The workflow is: User submits a list of records in an xml string format. One of the application endpoint launches the process method in a BusinessRuleService object. The process uses CompletableFuture to compose tasks and submit the tasks to a ExecutorService which has a thread pool of size 100. Each task in the CompletableFuture list then launches ValidationHandler object. The ValidationHandler object composes another CompletableFuture task and submit the task to another ExecutorService which has the pool size the same as the rule list size.

The above solution is proper?

Note: my current solution is: the submitted records are processed in sequence. And the 250 rules are processed in parallel for each record. With this solution, it takes more than 2 hours for 5000 records. Such poor performance is not acceptable by business.

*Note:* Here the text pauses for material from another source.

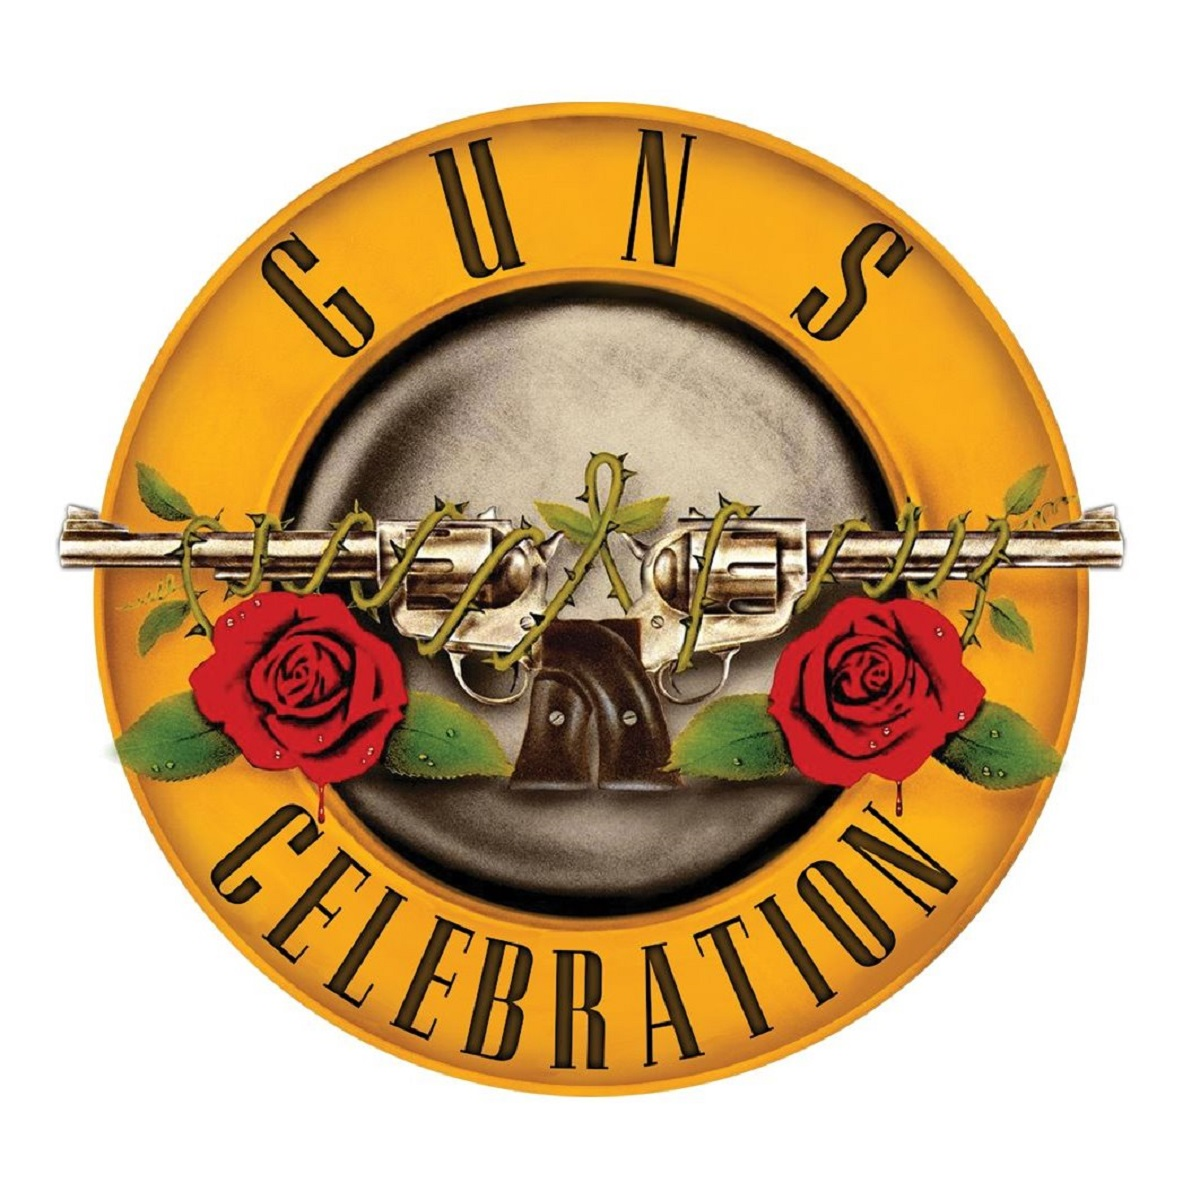 Guns Celebration presso Schiavone & Co 24 luglio 2021 foto

I am very new to concurrent/multi-threading programming. Much appreciate for all kind of helps!

1
So since you have a performance problem, you've surely profiled your application to determine where the performance hotspots are? You're not assuming things, and trying to blindly optimize your software without knowing whether it's helpful or not, are you? - Kayaman
what do you mean by "embedded multi-threading"? - Alexei Kaigorodov
If you need on-the-spot parallel processing of independent things, have a look at streams (like streaming lists), and then parallel() - tevemadar
We do not know what kind of validation is performed, but from what you tell us, your problem may very well be the DB access time for each validation, and not necessarily the CPU consummed. In which case you MUST profile to see where time is spent. @Kayaman 's advice is the best. Measure. Then you'll find that maybe instead of parallelizing, you should pre-fetch DB data once for all. Maybe you should index your FieldInfo by name in map instead of iterating on a huge list. Maybe you should cache some stuff you compute often. And only then maybe you should parallelize. - GPI
@Kayaman You are correct. I am kinda blindly optimizing the program. Thanks for your comment. Will try to gain knowledge on profiling for performance. I updated my post. Please provide your comments and suggestions. Much appreciated! - Min Jiang

1 Answers

0
votes

This is a well known "single producer - multiple consumers" pattern. The classic solution is to create a BlockingQueue<Record> queue, and put records there at the pace of their reading. On the other end of the queue, a number of working threads read records from the queue and process them (in our case, validate the fields):

class ValidatingThread extends Tread {
   BlockingQueue<Record> queue;
   FieldName_Rule validator = new FieldName_Rule();

   public Validator (BlockingQueue<Record> queue) {
      this.queue = queue;
   }

   public void run() {
      Record record = queue.take();
      validator.validate(collectFields(record));
   }
}

The optimal number of threads equals to the Runtime.getRuntime().availableProcessors(). Start them all at the beginning, and do not use "embedded multi-threading". The task how to stop the threads after all the records are processed, is left as a learning assignment.